A quick scan on Google seems to give a lot of close-but-not-exactly results. What terms should I be looking for?
edit: Just to clarify; the sub matrix need not be continuous. In fact the row and column order is completely arbitrary so adjacency is completely irrelevant.
A thought based on Chad Okere's idea
Order the rows from largest count to smallest count (not necessary but might help perf)
Select two rows that have a "large" overlap
Add all other rows that won't reduce the overlap
Record that set
Add whatever row reduces the overlap by the least
Repeat at #3 until the result gets to small
Start over at #2 with a different starting pair
Continue until you decide the result is good enough

I assume you want something like this. You have a matrix like
1100101
1110101
0100101
You want columns 1,2,5,7 and rows 1 and 2, right? That submatrix would 4x2 with 8 elements. Or you could go with columns 1,5,7 with rows 1,2,3 which would be a 3x3 matrix.
If you want an 'approximate' method, you could start with a single non-zero element, then go on to find another non-zero element and add it to your list of rows and columns. At some point you'll run into a non-zero element that, if it's rows and columns were added to your collection, your collection would no longer be entirely non-zero.
So for the above matrix, if you added 1,1 and 2,2 you would have rows 1,2 and columns 1,2 in your collection. If you tried to add 3,7 it would cause a problem because 1,3 is zero. So you couldn't add it. You could add 2,5 and 2,7 though. Creating the 4x2 submatrix.
You would basically iterate until you can't find any more new rows and columns to add. That would get you too a local minimum. You could store the result and start again with another start point (perhaps one that didn't fit into your current solution).
Then just stop when you can't find any more after a while.
That, obviously, would take a long time, but I don't know if you'll be able to do it any more quickly.

I know you aren't working on this anymore, but I thought someone might have the same question as me in the future.
So, after realizing this is an NP-hard problem (by reduction to MAX-CLIQUE) I decided to come up with a heuristic that has worked well for me so far:
Given an N x M binary/boolean matrix, find a large dense submatrix:
Part I: Generate reasonable candidate submatrices
Consider each of the N rows to be a M-dimensional binary vector, v_i, where i=1 to N
Compute a distance matrix for the N vectors using the Hamming distance
Use the UPGMA (Unweighted Pair Group Method with Arithmetic Mean) algorithm to cluster vectors
Initially, each of the v_i vectors is a singleton cluster. Step 3 above (clustering) gives the order that the vectors should be combined into submatrices. So each internal node in the hierarchical clustering tree is a candidate submatrix.
Part II: Score and rank candidate submatrices
For each submatrix, calculate D, the number of elements in the dense subset of the vectors for the submatrix by eliminating any column with one or more zeros.
Select the submatrix that maximizes D
I also had some considerations regarding the min number of rows that needed to be preserved from the initial full matrix, and I would discard any candidate submatrices that did not meet this criteria before selecting a submatrix with max D value.

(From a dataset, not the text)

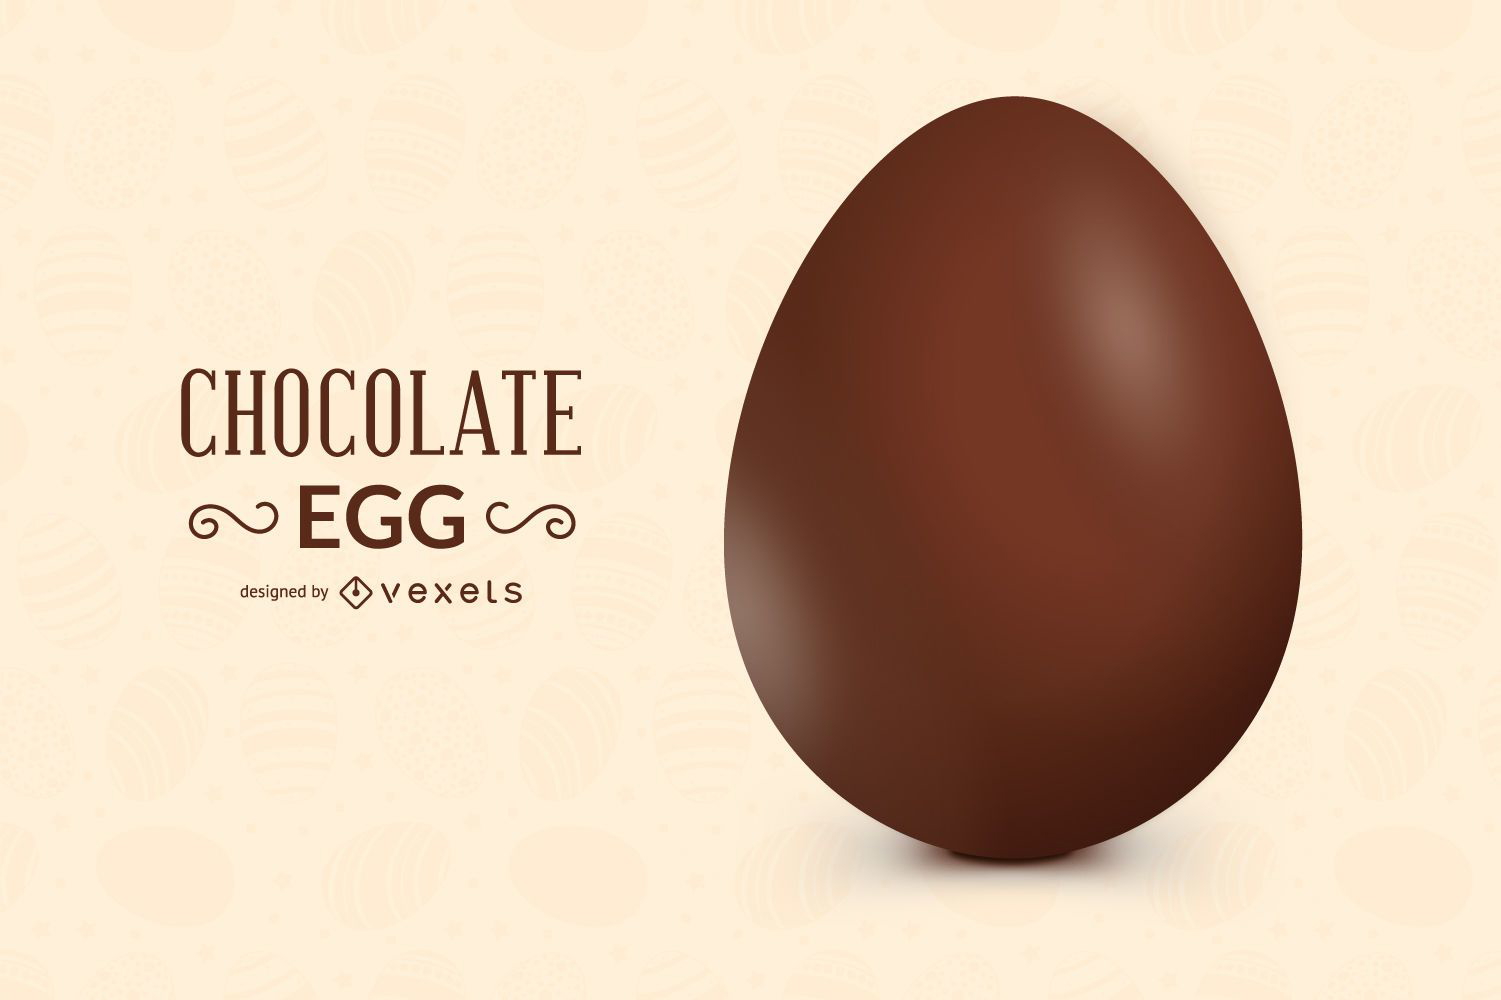 Diseño de huevo de chocolate 3D

Is this a Netflix problem?
MATLAB or some other sparse matrix libraries might have ways to handle it.
Is your intent to write your own?
Maybe the 1D approach for each row would help you. The algorithm might look like this:
Loop over each row
Find the index of the first non-zero element
Find the index of the non-zero row element with the largest span between non-zero columns in each row and store both.
Sort the rows from largest to smallest span between non-zero columns.
At this point I start getting fuzzy (sorry, not an algorithm designer). I'd try looping over each row, lining up the indexes of the starting point, looking for the maximum non-zero run of column indexes that I could.
You don't specify whether or not the dense matrix has to be square. I'll assume not.
I don't know how efficient this is or what its Big-O behavior would be. But it's a brute force method to start with.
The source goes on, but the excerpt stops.